The Tax Treaty (and Protocol) between Hong Kong and South Africa has been ratified by both countries with the date of entry into force from 20 October 2015. In South Africa, it was published in the Government Gazette No. 39444 on 24 November 2015.
The provisions of the treaty will apply in Hong Kong for years of assessment beginning on or after 1 April 2016. In South Africa, it applies from 1 January 2016 for amounts held at source, and for years of assessment beginning on or after 1 April 2016 in respect of other taxes. In general, the treaty follows the OECD Model Tax Convention. We highlight below some of the departures from the Model and other notable clauses.
This treaty does not cover any penalties or interest imposed under domestic law.
Presumably, this means that penalties and interest arising from non-or-late-compliance might still be chargeable notwithstanding that the actual tax amount might be nil.
Given that Hong Kong is not a sovereign state, the term “national” is different from the traditional OECD Model definition.
An individual will be a resident in Hong Kong if he or she:
- ordinarily resides there; or
- stays there for more than 180 days during a year of assessment; or
- stays there for more than 300 days over two consecutive years of assessment.
Companies and other persons will be resident in Hong Kong if they are either incorporated or constituted in Hong Kong, or if they are normally managed or controlled in Hong Kong.
The treaty uses the traditional OECD Model concept for the term ‘resident’ of South Africa.
In the case of individuals, the tie-breaker clause follows the traditional OECD Model, with the exception that Hong Kong instead refers to the individual’s ‘national’ status as ‘the right of abode’.
In the case of any other person, the primary tie-breaker is the place of effective management. The secondary test, i.e. in case of doubt about where the place of effective management is exercised, is the mutual agreement determination between the competent authorities. If agreement is not reached, most of the treaty benefits will not apply.
The permanent establishment (PE) definition is extended beyond the traditional OECD definition to include a services PE.
Such a PE would arise if an enterprise furnishes services through its employees of an enterprise (or other personnel) within the source state in relation to a project exceeding, in aggregate, 183 days in any twelve month period.
Building sites or construction, assembly or installation projects (etc.) will be deemed to be a PE if the project or activity lasts for more than six months.
In line with the OECD Model, the business profits article (article 7(1)) only allows the source state to tax profits attributable to the local PE.
The attribution rules to calculate the business profits only go so far as to specify that expenses can be deducted if they were incurred for the purpose of the PE, which includes executive and general administrative expenses, irrespective of where they were incurred. The treaty is silent as to how to deal with notional income and expenses.

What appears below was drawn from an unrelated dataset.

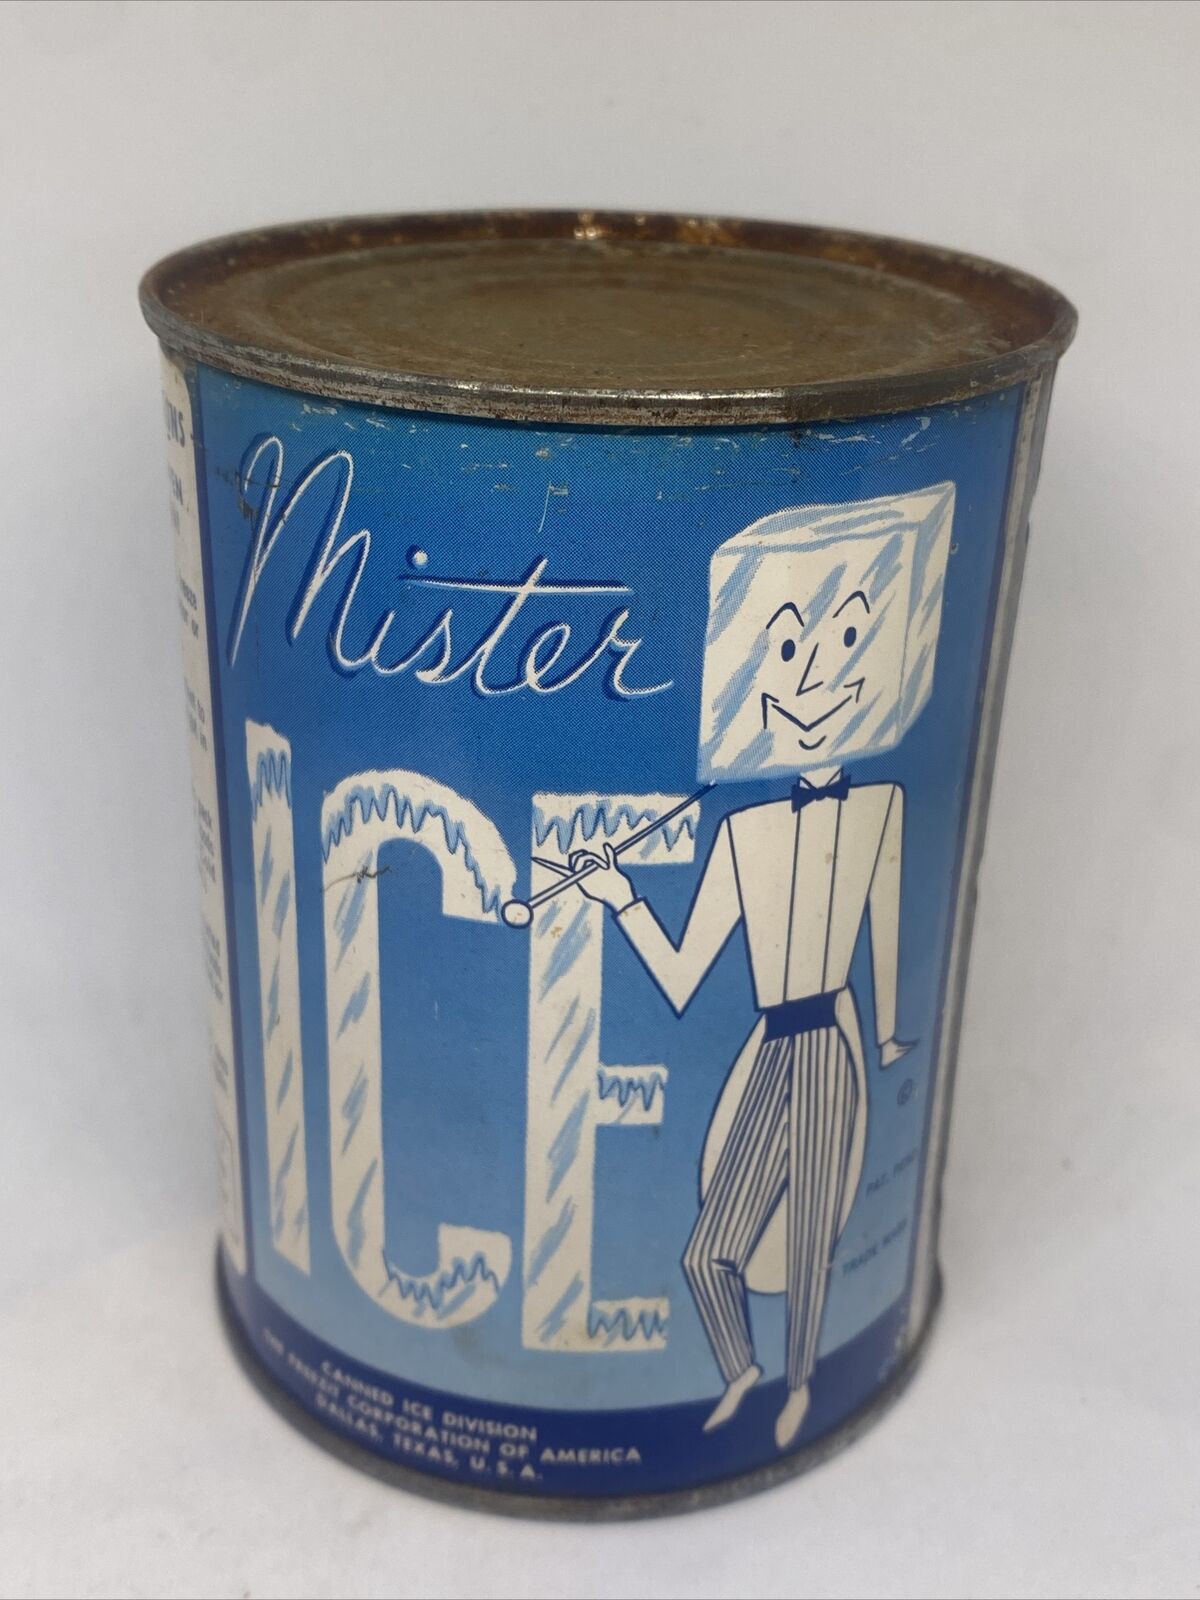 Vintage Mister Ice Canned Ice - Full No Dents & Nice Label

It is settled in the treaty that profits will not be attributed to a PE merely because it bought goods or merchandise for the enterprise.
Capital Gains on property investments
The treaty includes the property rich- company clause in article 13. The source country will have taxing rights on capital gains on the sale of shares in companies that derive more than 50% of their value from immovable property situated in the source state.

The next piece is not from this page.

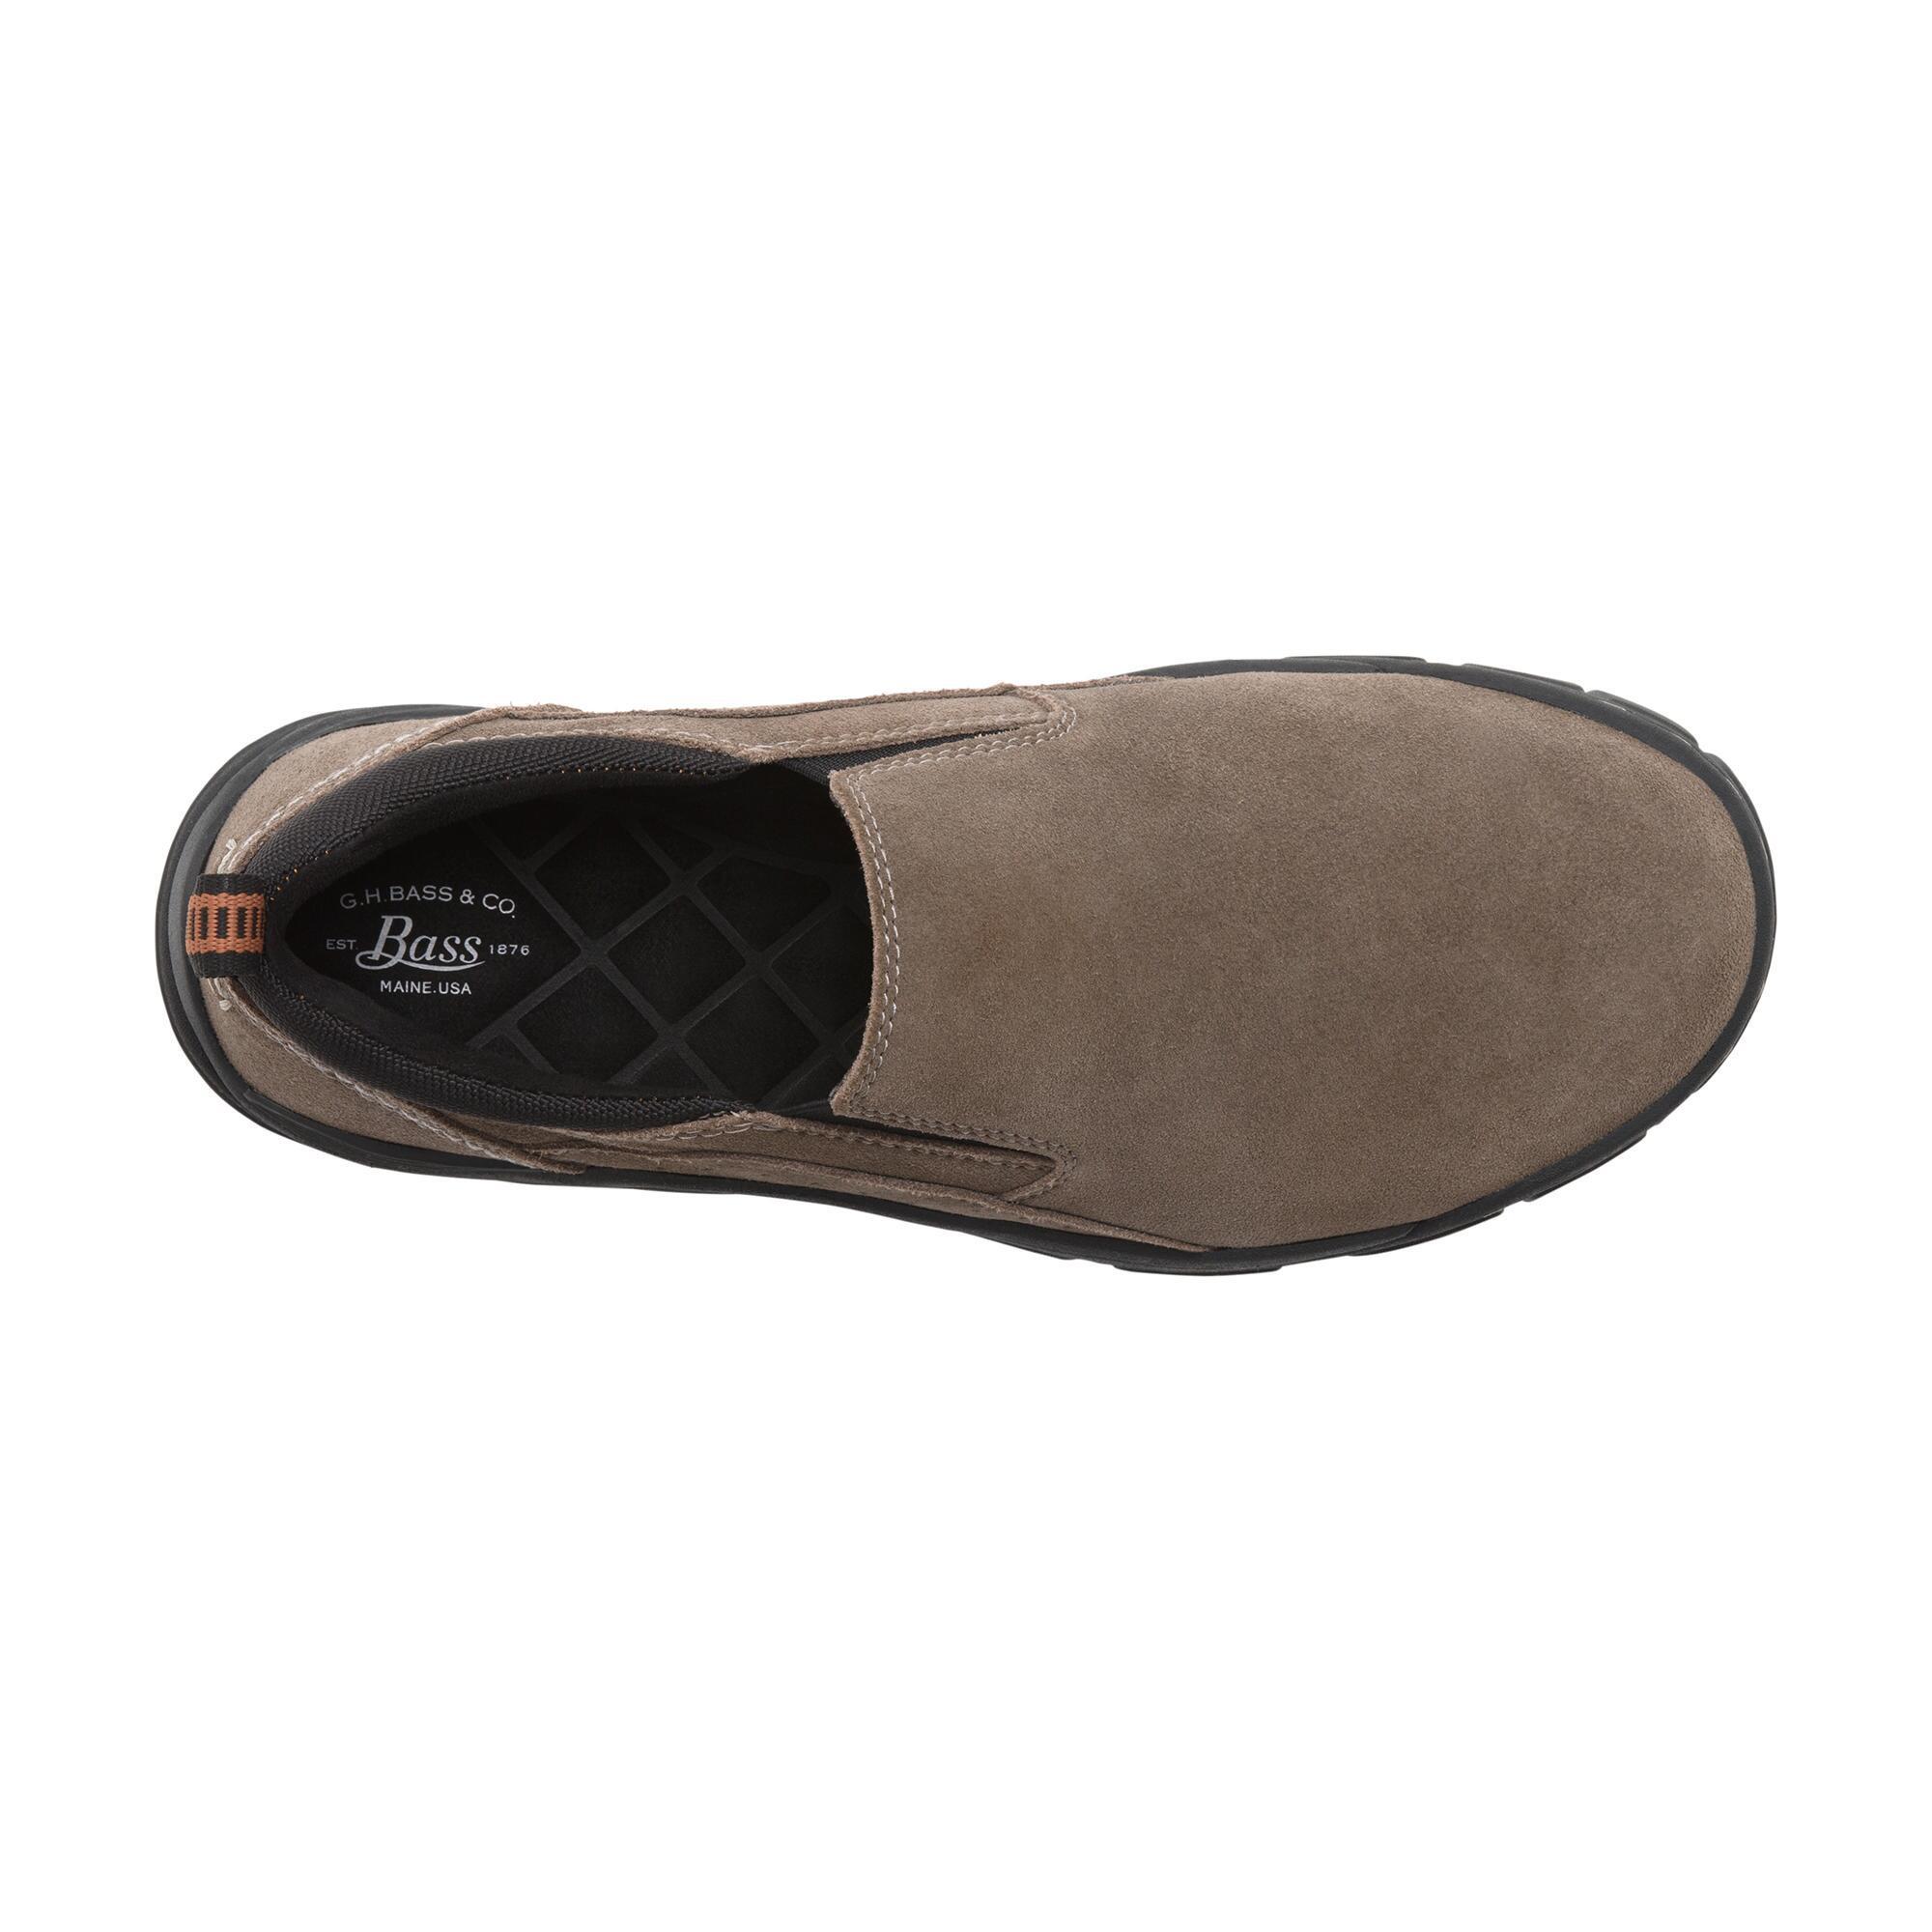 G.H.BASS Leather Garfield Slip-on in Smoke (Gray) for Men - Lyst

There are, however, exceptions to this rule, in which case the resident state will have sole taxing rights. These exceptions are shares:
- listed on the Johannesburg Stock Exchange or Stock Exchange of Hong Kong Ltd (or any other agreed-upon stock exchange); or
- in a company deriving more than 50% of its value from immovable property in which it carries on its business.
Tax rate reduction
The treaty will offer a number of tax rate reductions which are considered to be favourable compared to the treaties that South Africa has with other countries.

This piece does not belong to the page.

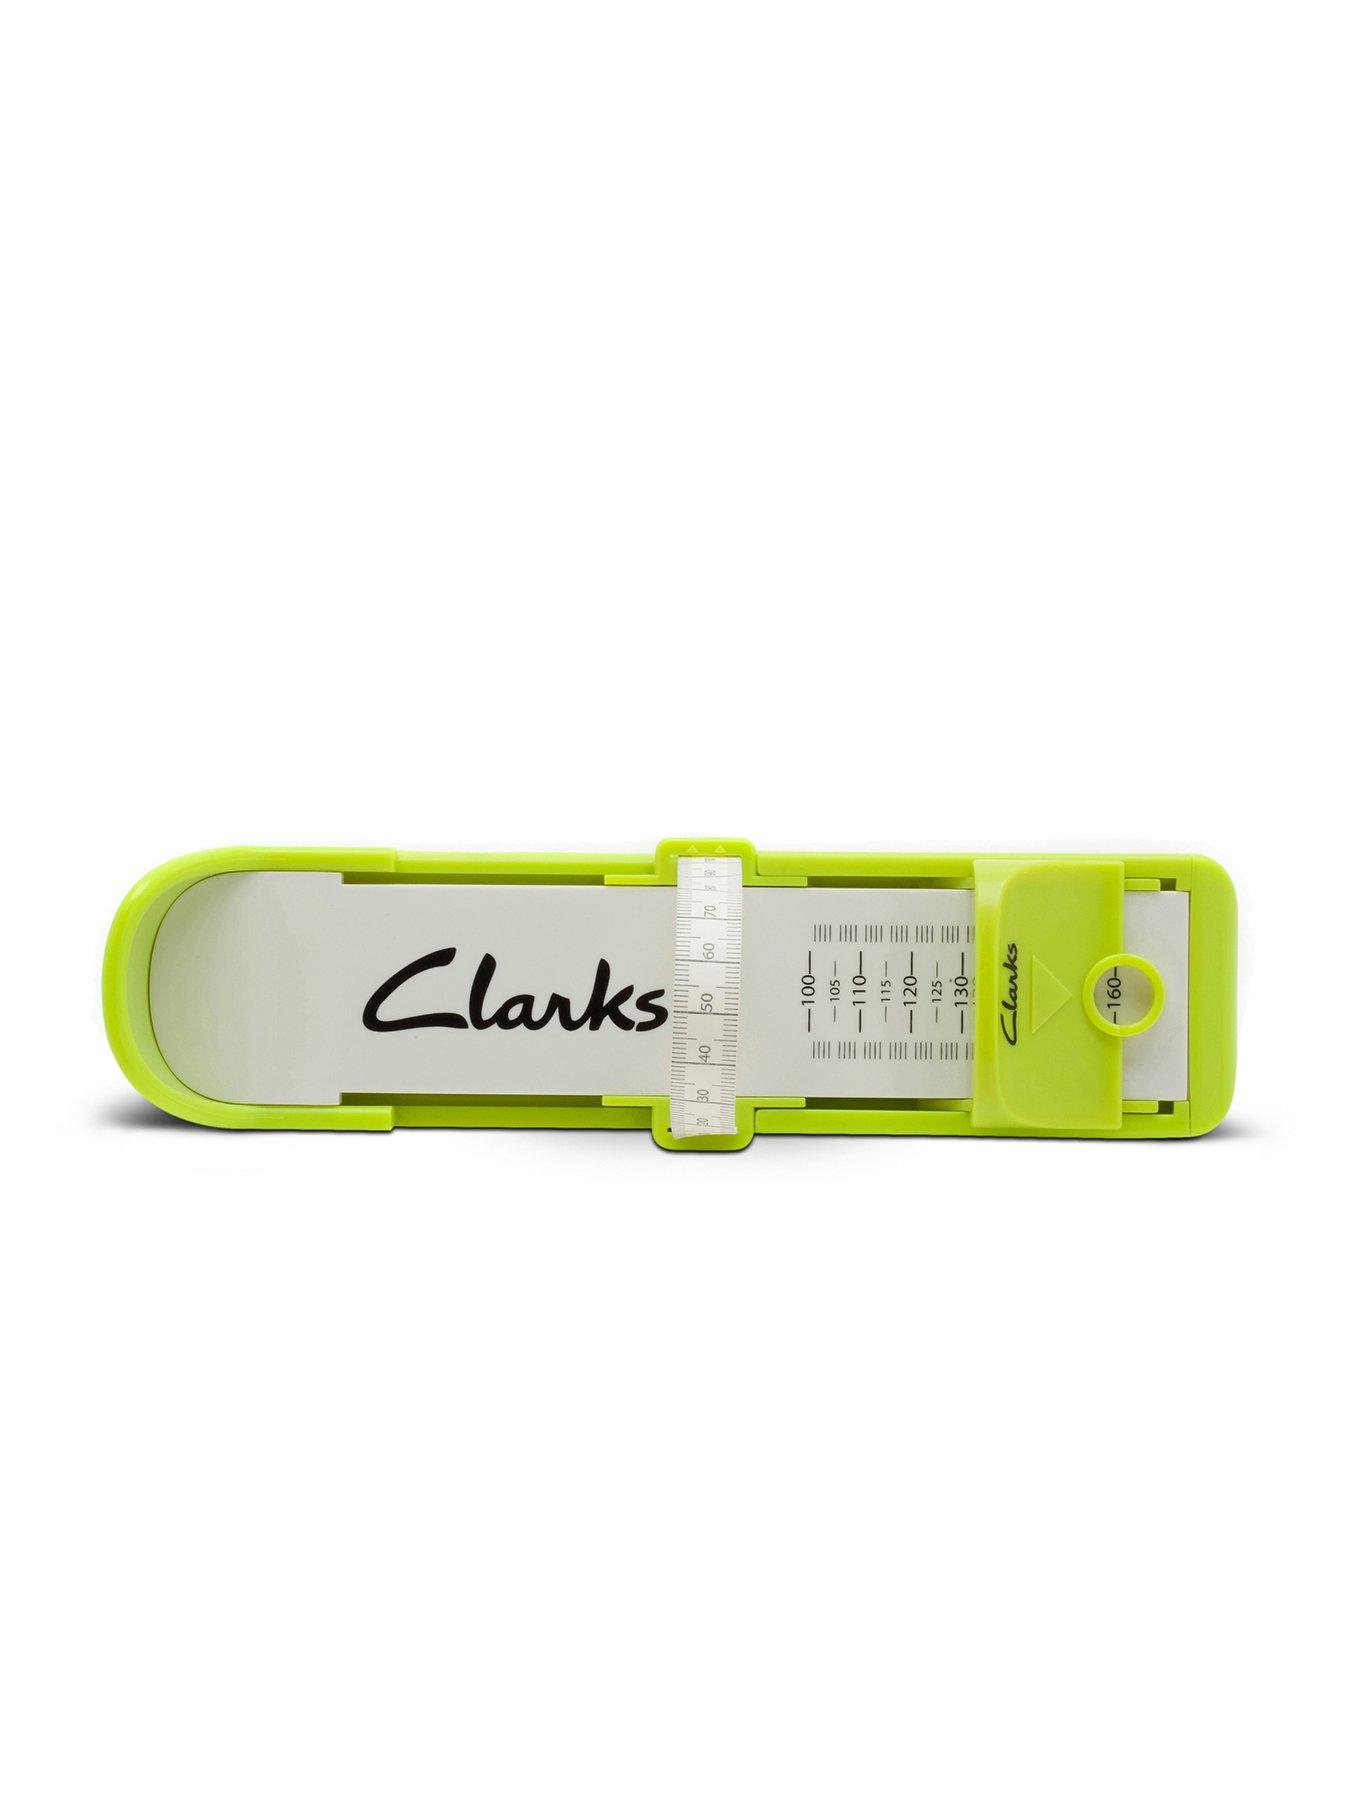 clarks measure at home

A maximum tax rate of 5% applies if the beneficial owner is a company and holds directly at least 10% of the capital of the payer company – otherwise a maximum of 10% applies.
Interest is exempt if it is paid to the following persons:
In the case of Hong Kong
- Government of the Hong Kong Special Administrative Region
- Hong Kong Monetary Authority
- Any institution owned by the Government of the Hong Kong Special Administrative Region (as agreed between the competent authorities).
In the case of South Africa
- Government of SA (and any political subdivision / local authority)
- SA Reserve Bank
- Any institution owned by the Government of South Africa (as agreed between the competent authorities).
In any other case, where the beneficial owner of the interest is a resident of the resident state, the maximum tax rate is 10%.
The treaty applies a maximum tax rate of 5% on royalties where the beneficial owner of the income stream is a resident of the other state.
Below is a summary of the domestic withholding tax rates and the reduced rates under the treaty:
|Hong Kong %||SA%||Treaty Rates for SA%|
Main purpose test
Critically, however, the dividends, interest and royalties clauses include a main purpose test as a specific anti-treaty-abuse mechanism. Treaty relief will not be available if the main purpose (or one of the main purposes) of the arrangement – i.e. equity holding, financing, or intellectual property rights – was to take advantage of these clauses.
The treaty applies from 2016 and generally follows the OECD Model. It offers several beneficial reliefs, but also has a clear anti-abuse inclination —noted in the tie-breaker for corporate residence, the taxation of indirect interests in immovable property, and the main purpose test for passive income flows.